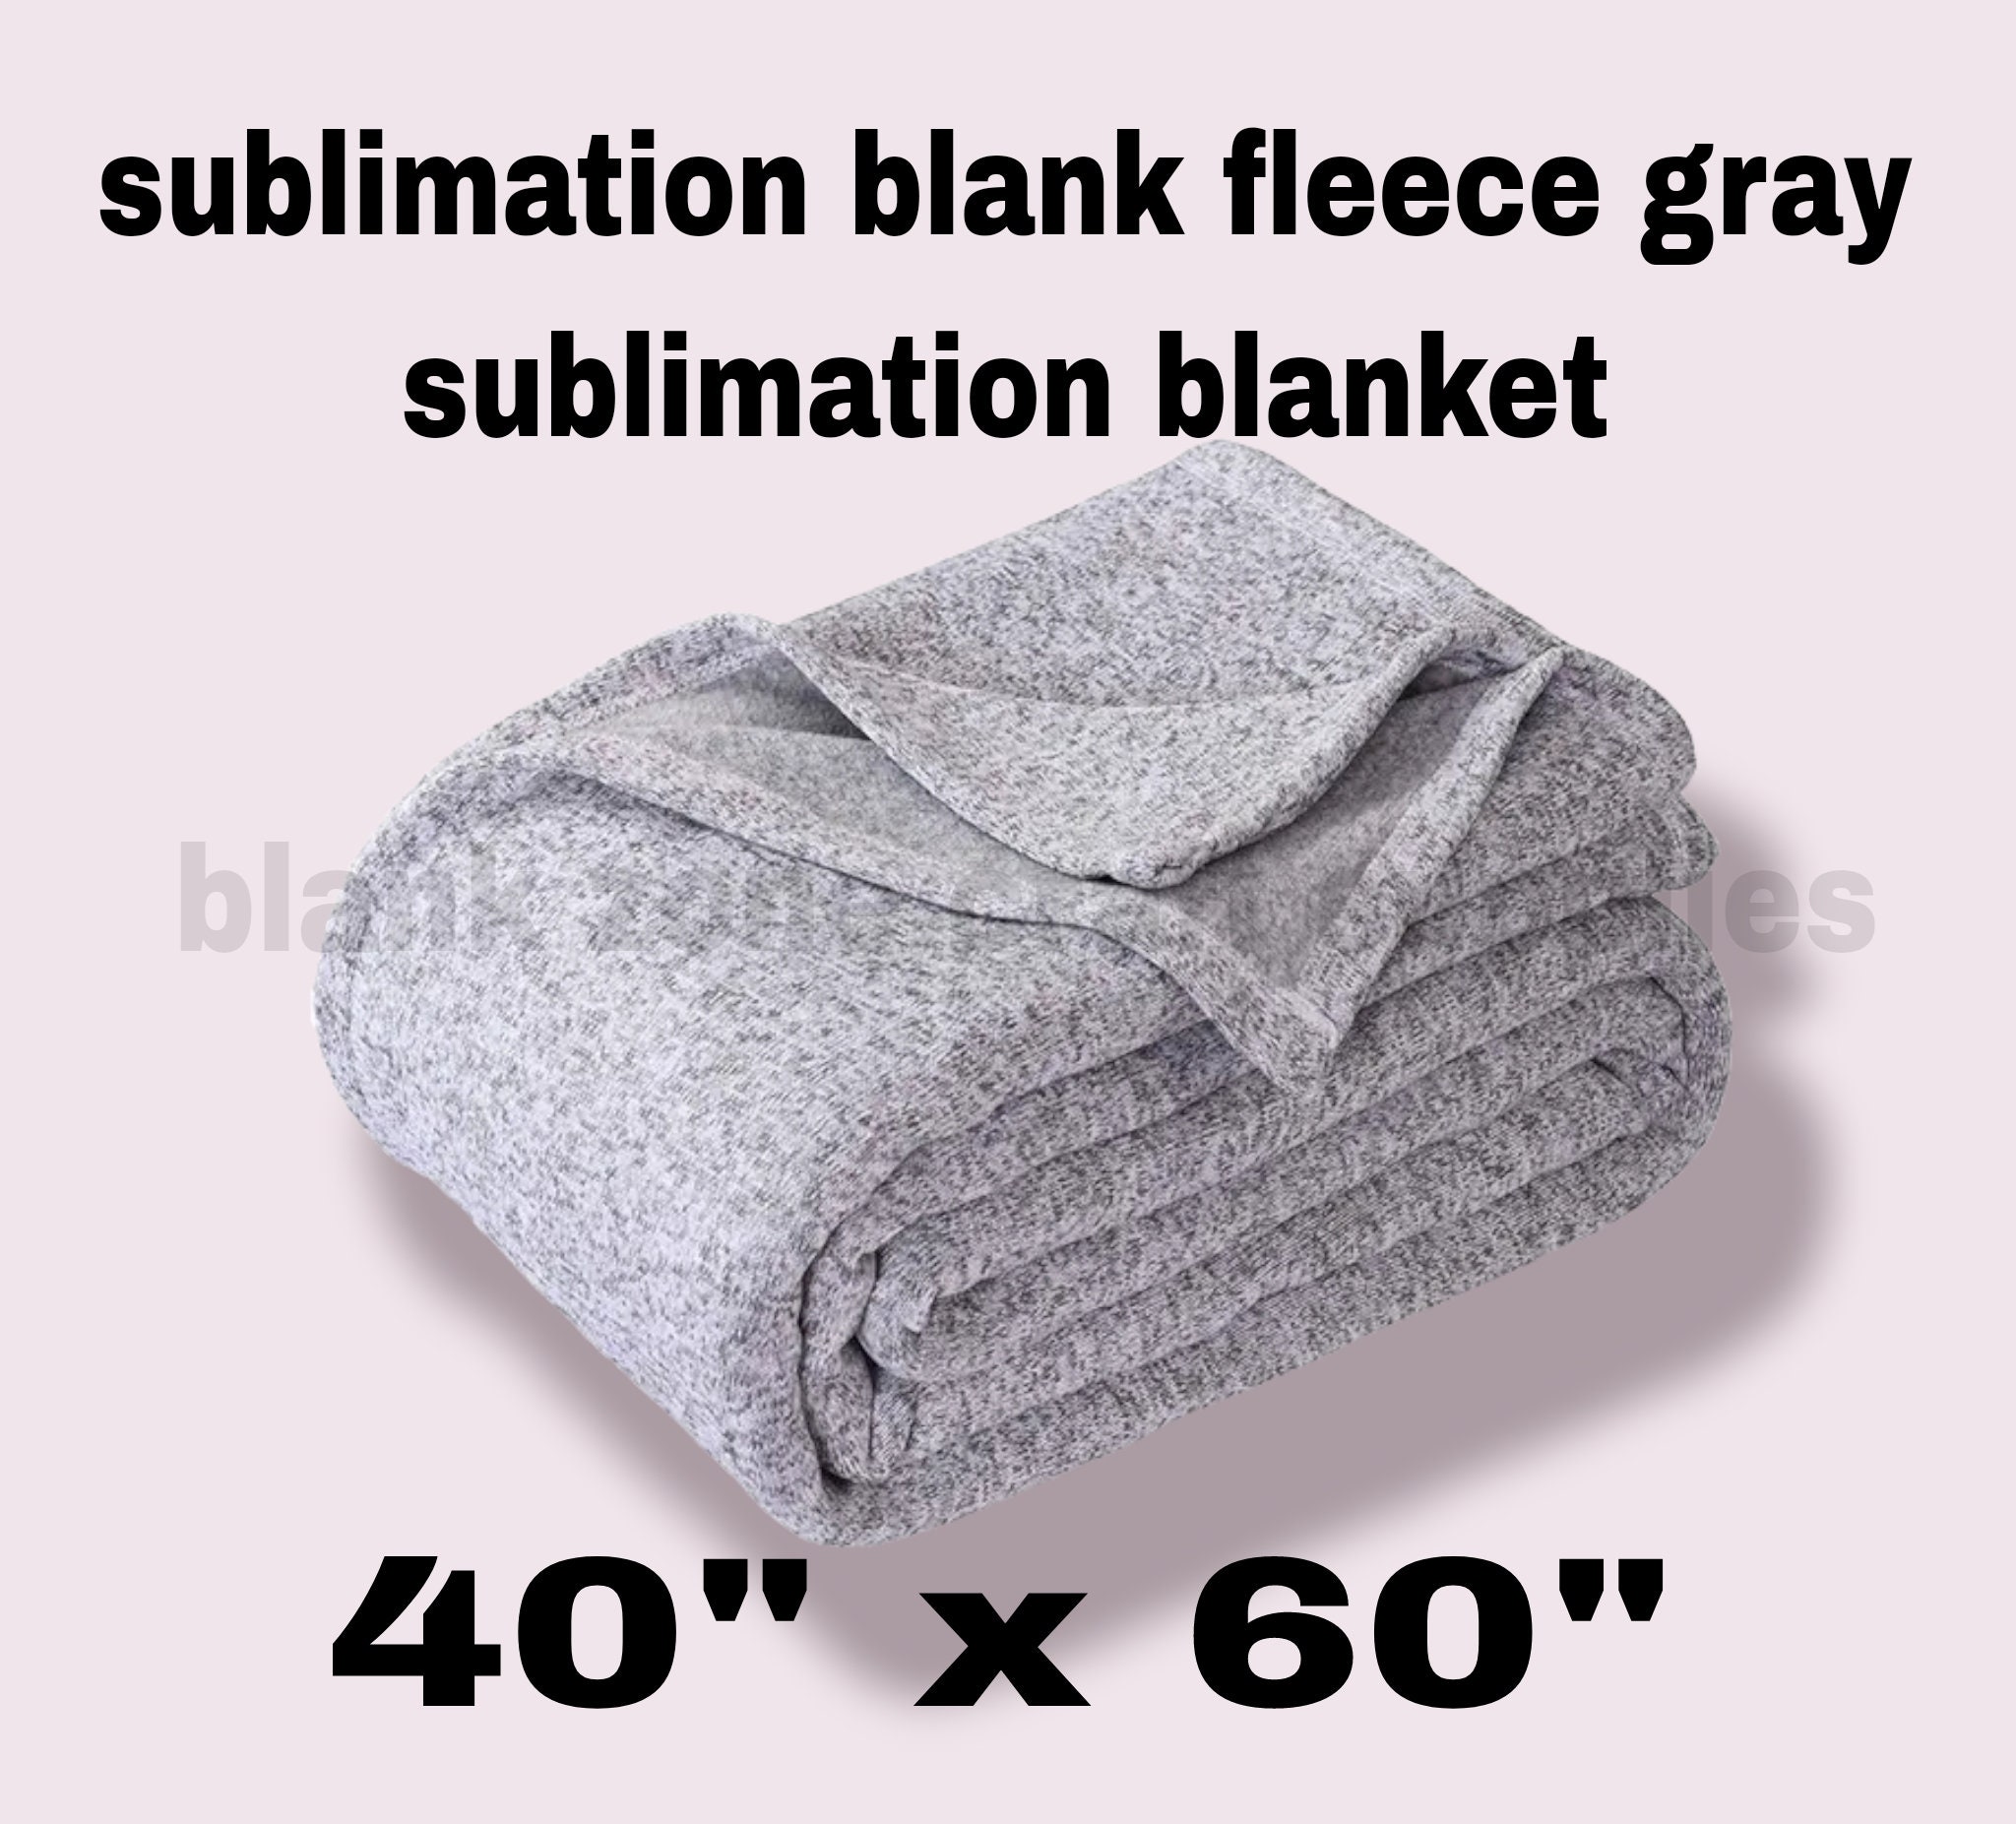 Sublimation fleece blanket
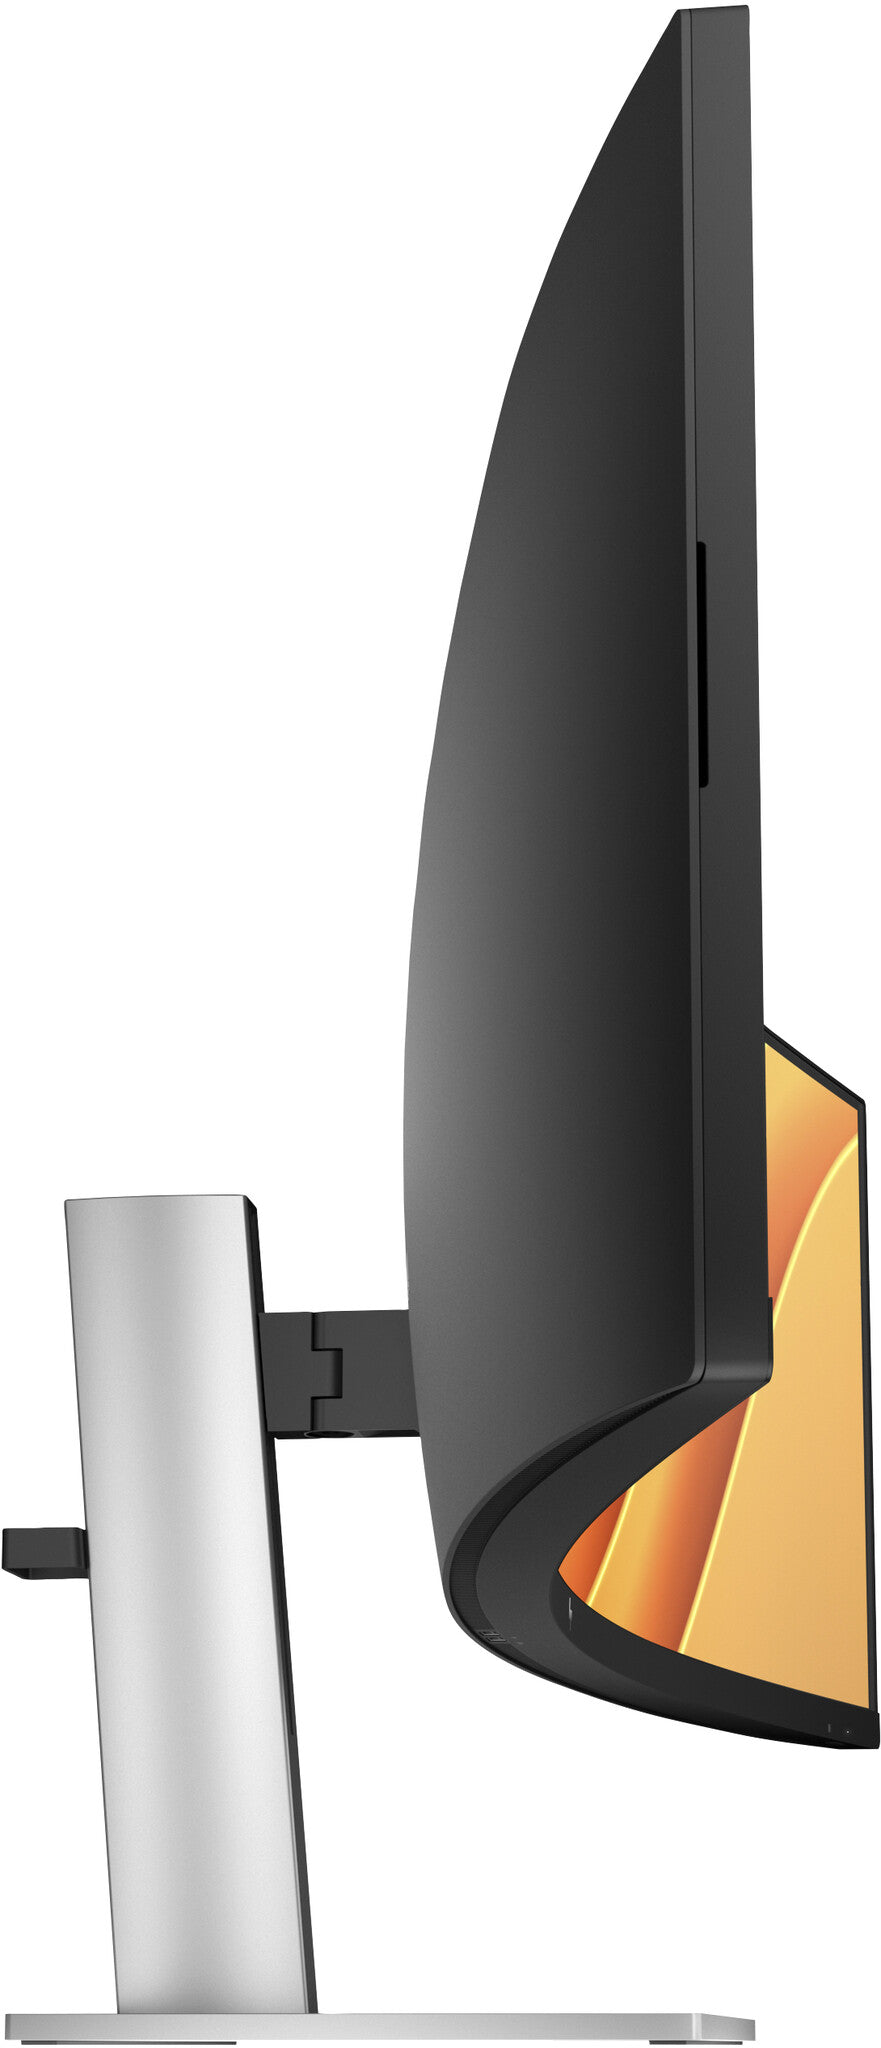 HP E45c G5 - 113 cm (44.5&quot;) - 5120 x 1440 pixels DQHD LCD Monitor
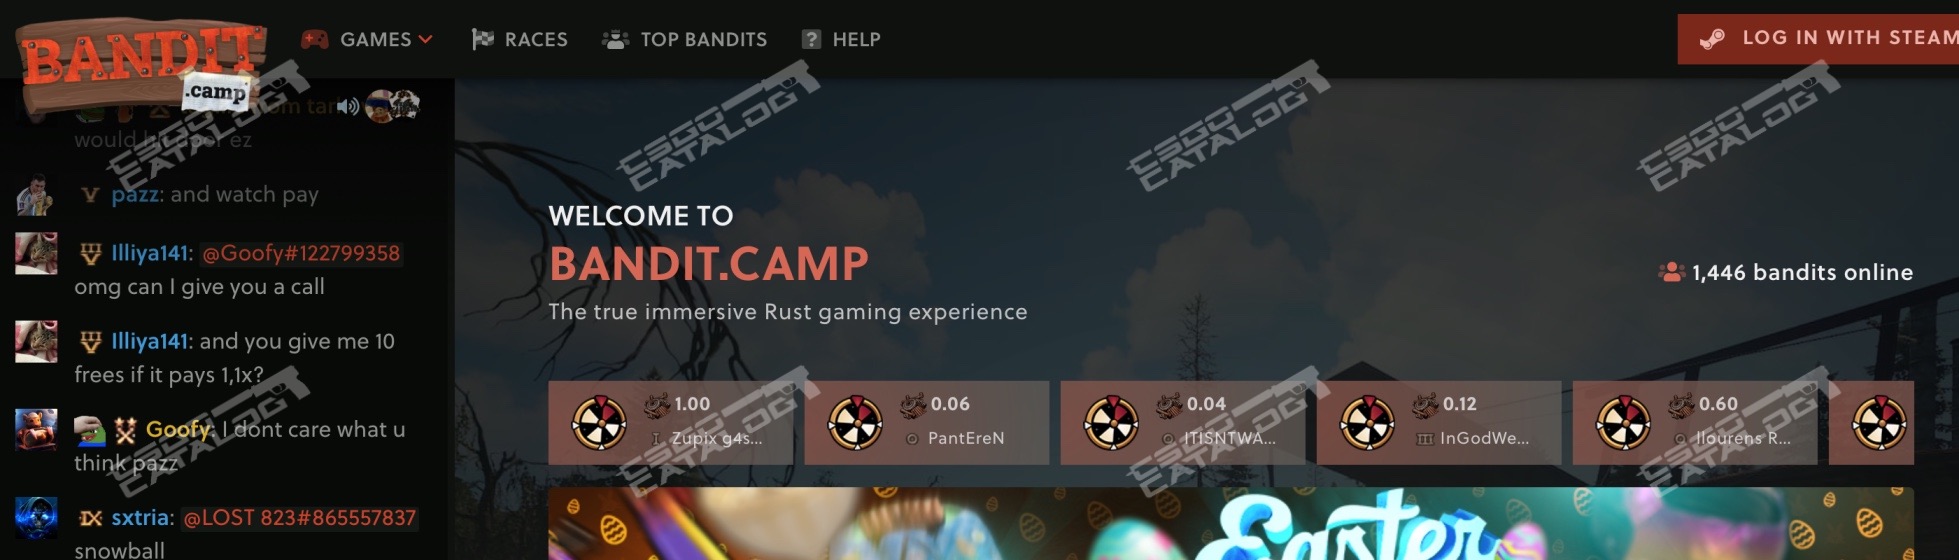 bandit.camp recension

======

EXERCISE REQUIREMENTS:
Retype all the material word for word while skipping any picture it contains.

RESULT:
 Sublimation fleece blanket
 HP E45c G5 - 113 cm (44.5&quot;) - 5120 x 1440 pixels DQHD LCD Monitor
 bandit.camp recension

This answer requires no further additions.